Besonders relevant ist das langfristige Potenzial. Mit rund 100 TWh pro Jahr verfügt die Schweiz über deutlich mehr nutzbare Solarenergie, als heute ausgeschöpft wird. Ein grosser Teil dieses Potenzials liegt auf bestehenden Infrastrukturen wie Dächern und Fassaden. Dadurch entstehen kaum zusätzliche Nutzungskonflikte.

Ein weiterer Vorteil liegt in der hohen gesellschaftlichen Akzeptanz. Anlagen auf Gebäuden werden breit unterstützt und lassen sich vergleichsweise schnell realisieren. Das macht Solarenergie zum effizientesten Hebel für einen raschen Ausbau der Stromproduktion.

Gleichzeitig zeigt der Bericht klar die systemische Herausforderung. Die Produktion konzentriert sich stark auf die Sommermonate. Diese saisonale Verteilung muss aktiv adressiert werden. Entscheidend ist dabei nicht weniger Solarenergie, sondern ein gezielter Ausbau mit stärkerem Fokus auf Winterproduktion und Systemintegration.

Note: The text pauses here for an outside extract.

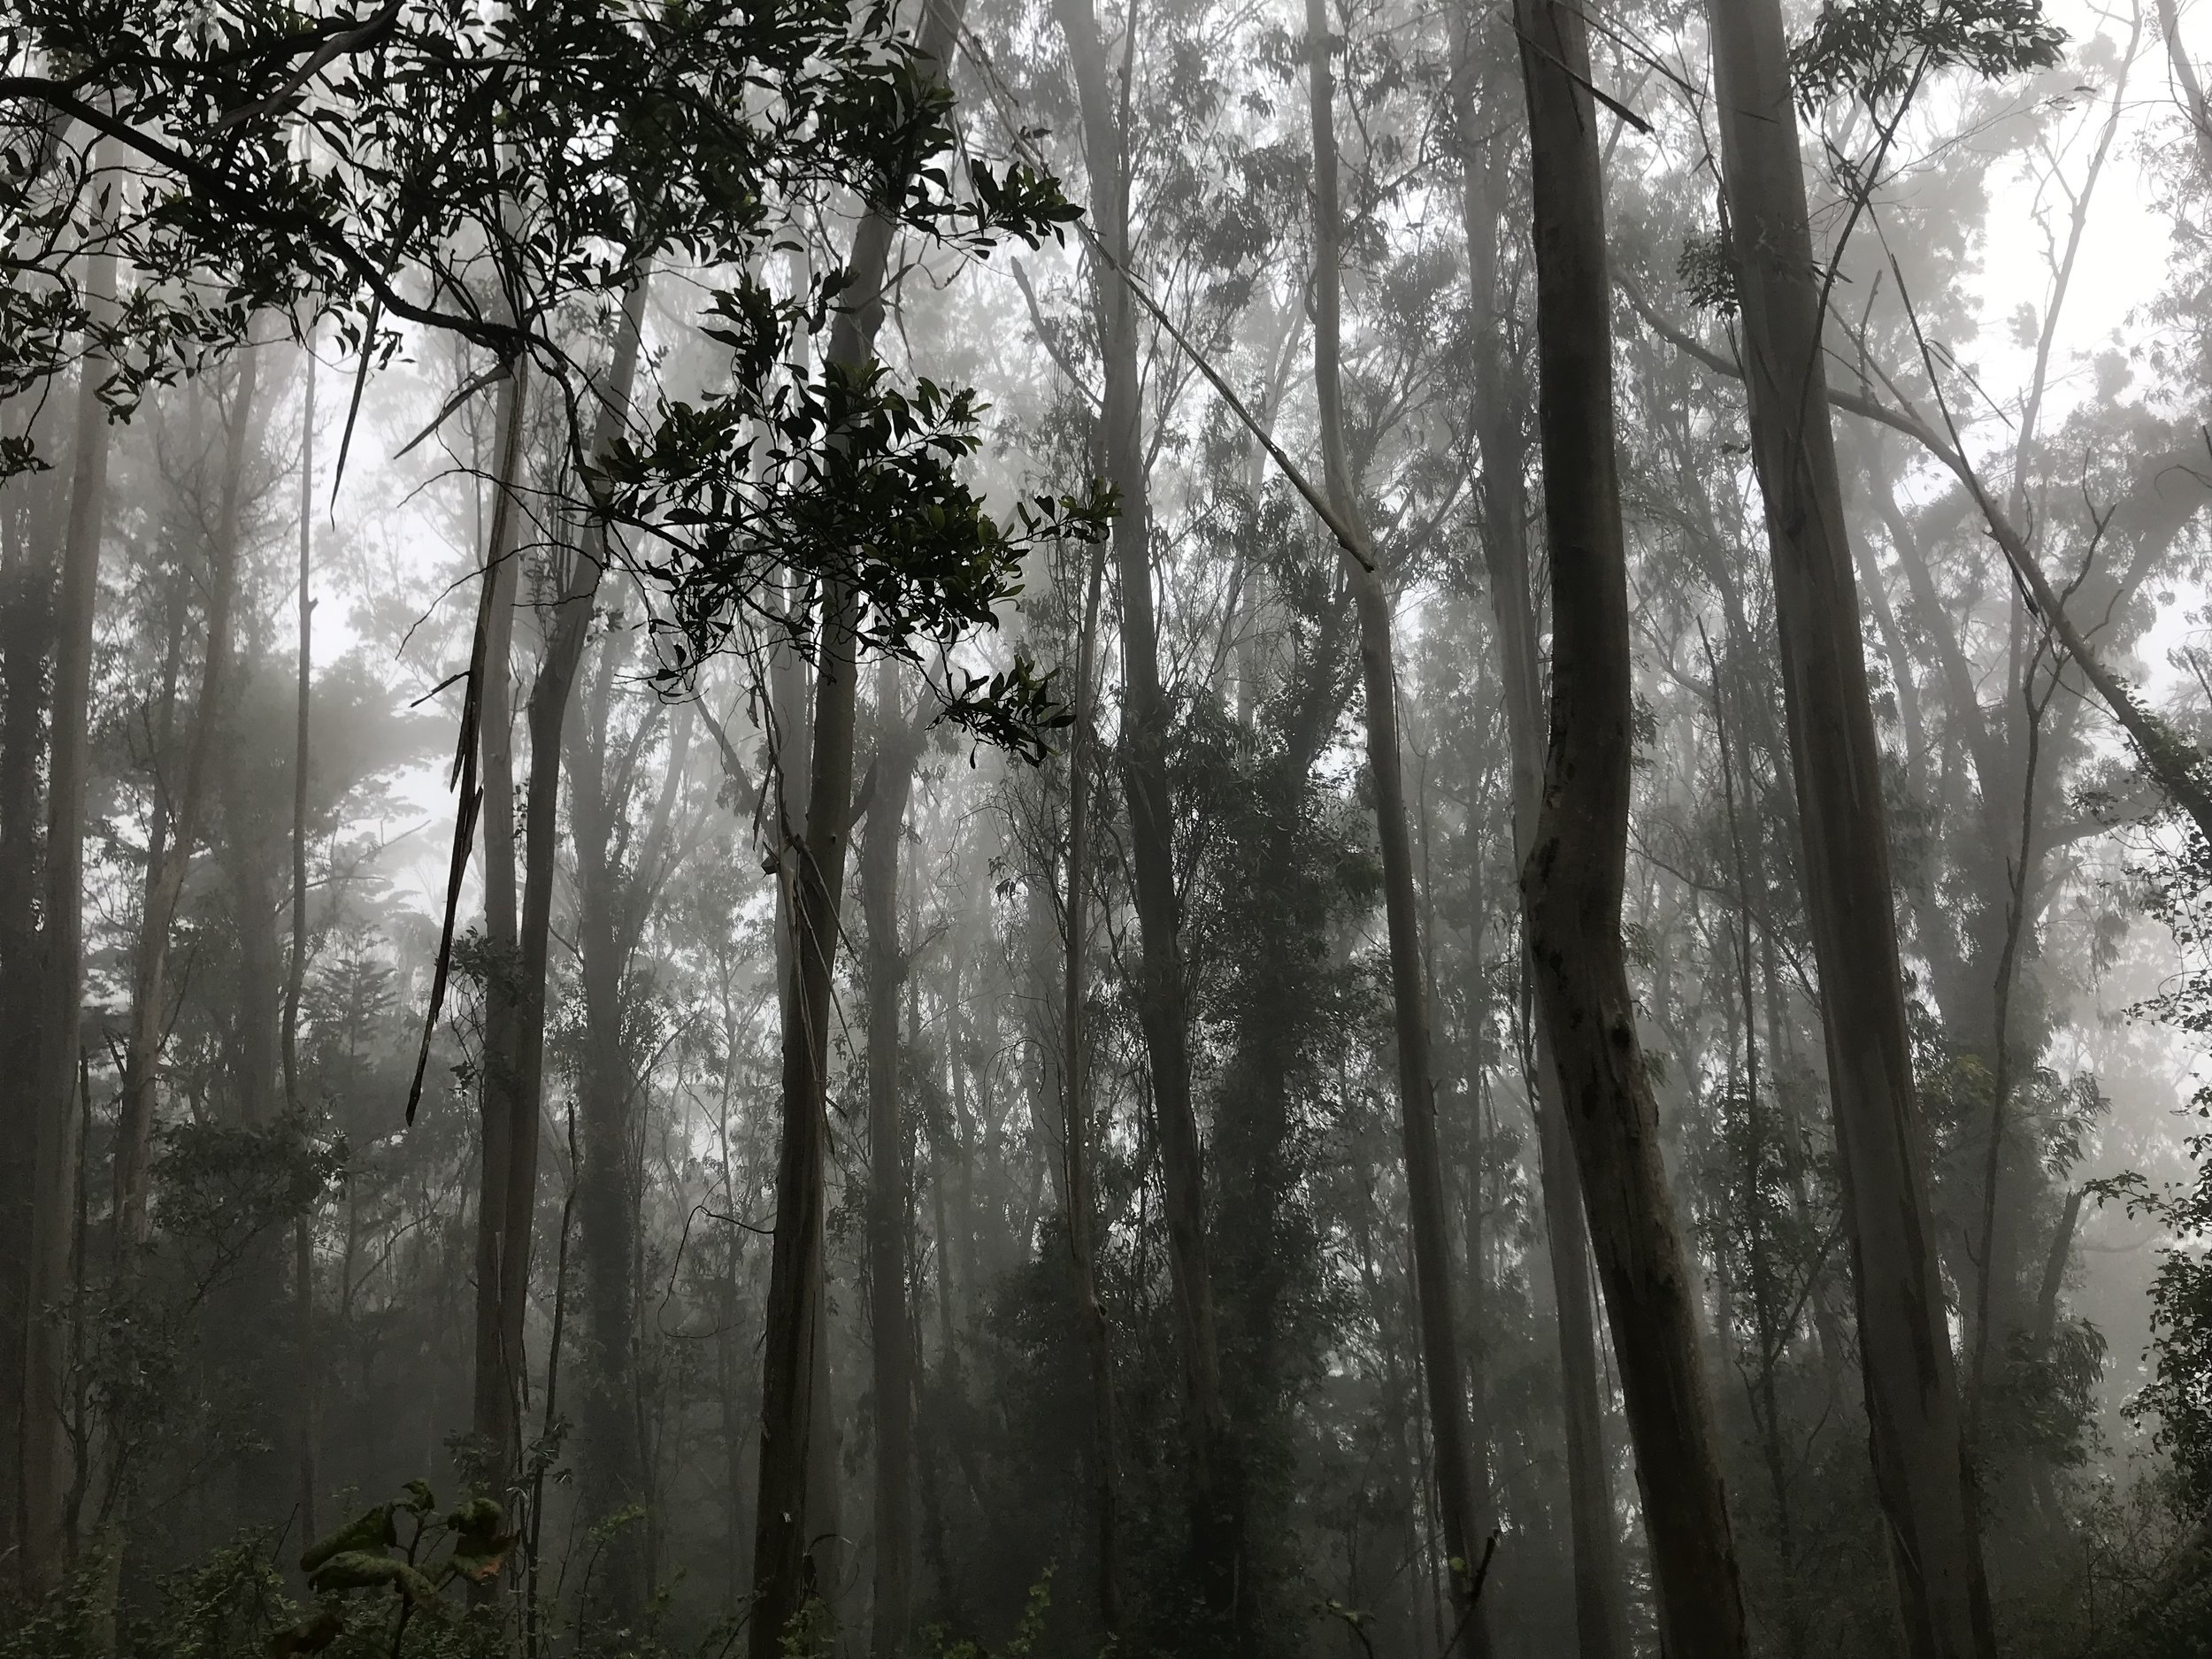 Trees through the fog at Mount Sutro today.
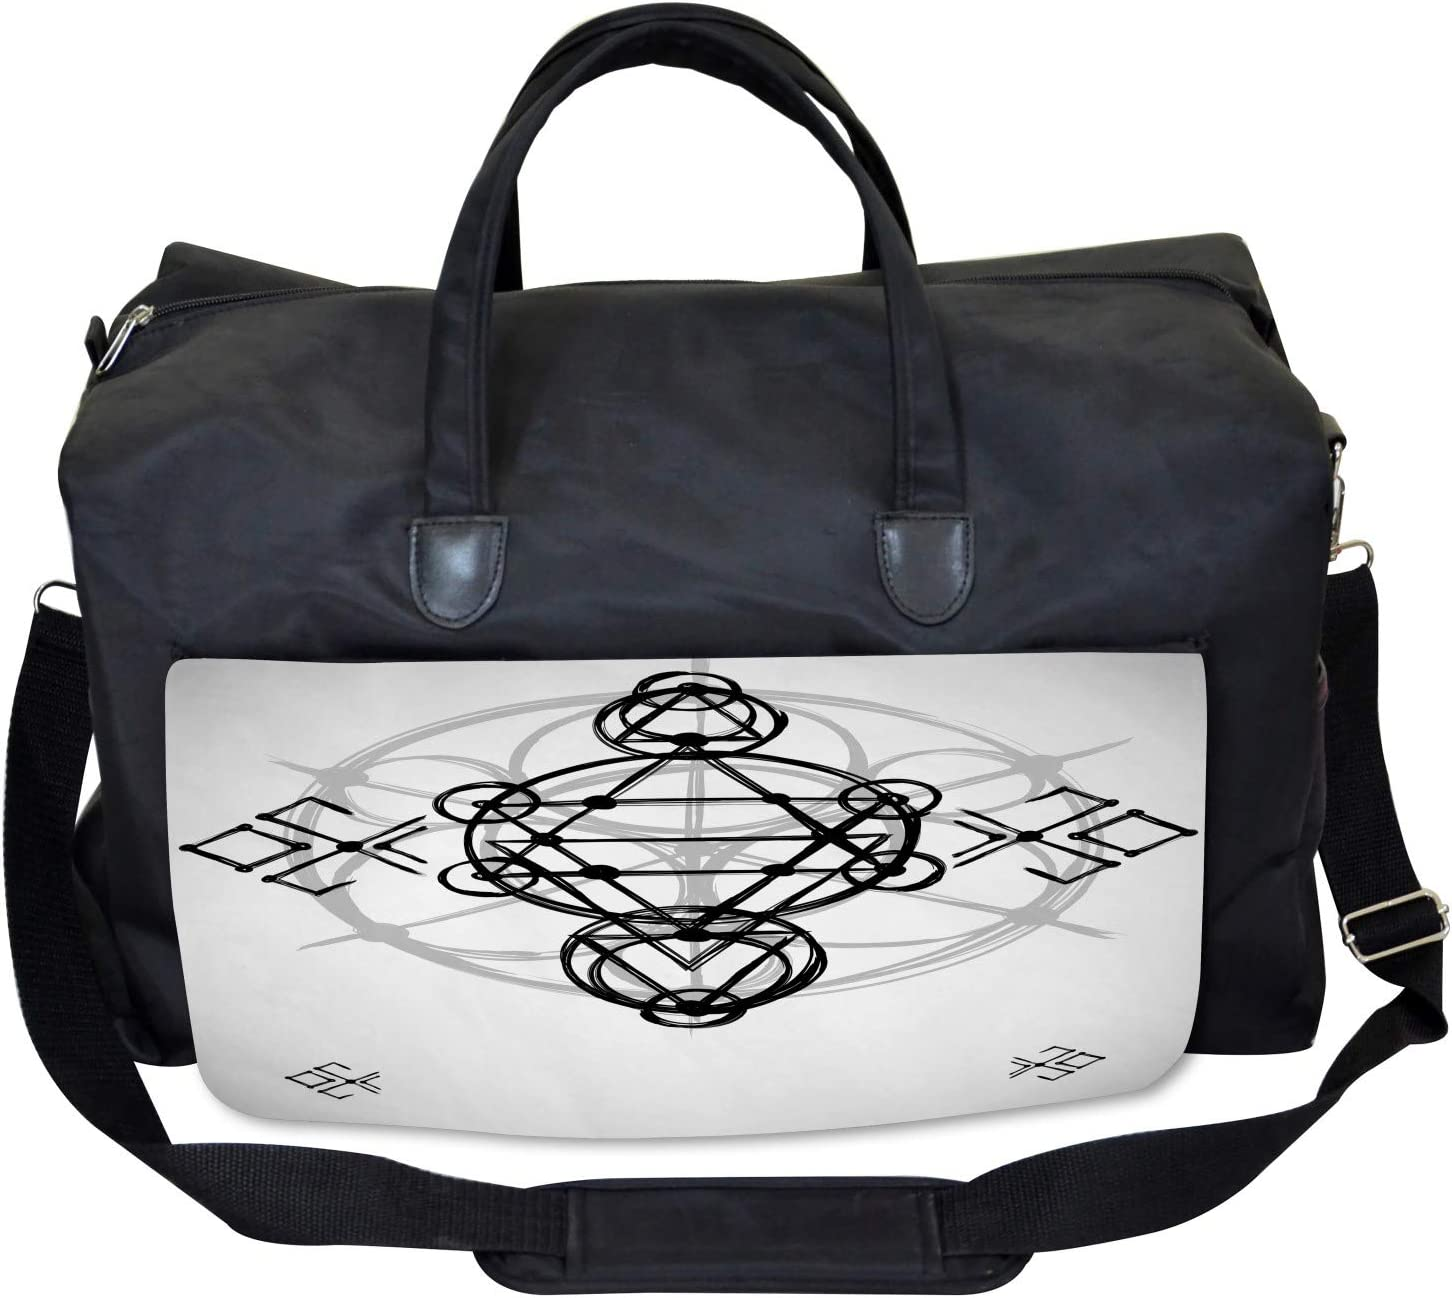 Ambesonne Gray Gym Bag Ancient Sketch Illustration Large Weekender Carry-on

  1. Nutzung von Fassaden, die im Winter mehr Ertrag liefern als Dachanlagen
  2. Ausbau alpiner Photovoltaik an geeigneten Standorten mit hoher Winterproduktion
  3. Integration von Speichern zur Verschiebung von Energie innerhalb des Systems
  4. Digitalisierung und intelligente Steuerung von Verbrauch und Einspeisung

Solarenergie bildet damit die Basis eines erneuerbaren Energiesystems. Ihre Stärke liegt in der Skalierbarkeit, der Nähe zum Verbrauch und der breiten wirtschaftlichen Verankerung im Inland.

Windenergie als entscheidende Ergänzung im Winter

Der Axpo Energy Report Windenergie hebt die besondere Bedeutung der Windkraft für die Schweiz hervor. Im Gegensatz zur Solarenergie fällt der Grossteil der Windstromproduktion im Winterhalbjahr an. Genau in dieser Phase besteht der grösste Bedarf.

Damit übernimmt die Windenergie eine strategische Rolle im Energiesystem. Sie ergänzt die Photovoltaik nicht nur technisch, sondern saisonal. Gemeinsam entsteht ein ausgewogeneres Produktionsprofil.

Das Potenzial der Windenergie ist erheblich, wird jedoch bislang kaum genutzt. Der aktuelle Anteil an der Stromproduktion ist sehr gering. Gleichzeitig zeigen die Analysen, dass Windenergie einen substanziellen Beitrag zur Schliessung der Winterstromlücke leisten kann.

Die grössten Hürden liegen in der Umsetzung. Projekte sind häufig mit langen Planungs- und Bewilligungsverfahren konfrontiert. Lokale Einsprachen und Unsicherheiten führen zu Verzögerungen von vielen Jahren. Dadurch entsteht ein strukturelles Umsetzungsproblem.

Um dieses Potenzial zu erschliessen, braucht es klare und verlässliche Rahmenbedingungen.

  1. transparente und beschleunigte Bewilligungsverfahren
  2. frühzeitige und ernsthafte Einbindung der lokalen Bevölkerung
  3. Beteiligungsmodelle für Gemeinden und Anwohner
  4. klare nationale Priorisierung geeigneter Standorte

Windenergie ist kein optionaler Zusatz, sondern ein notwendiger Bestandteil eines stabilen Energiesystems. Ohne ihren Beitrag bleibt die Winterversorgung langfristig unzureichend abgesichert.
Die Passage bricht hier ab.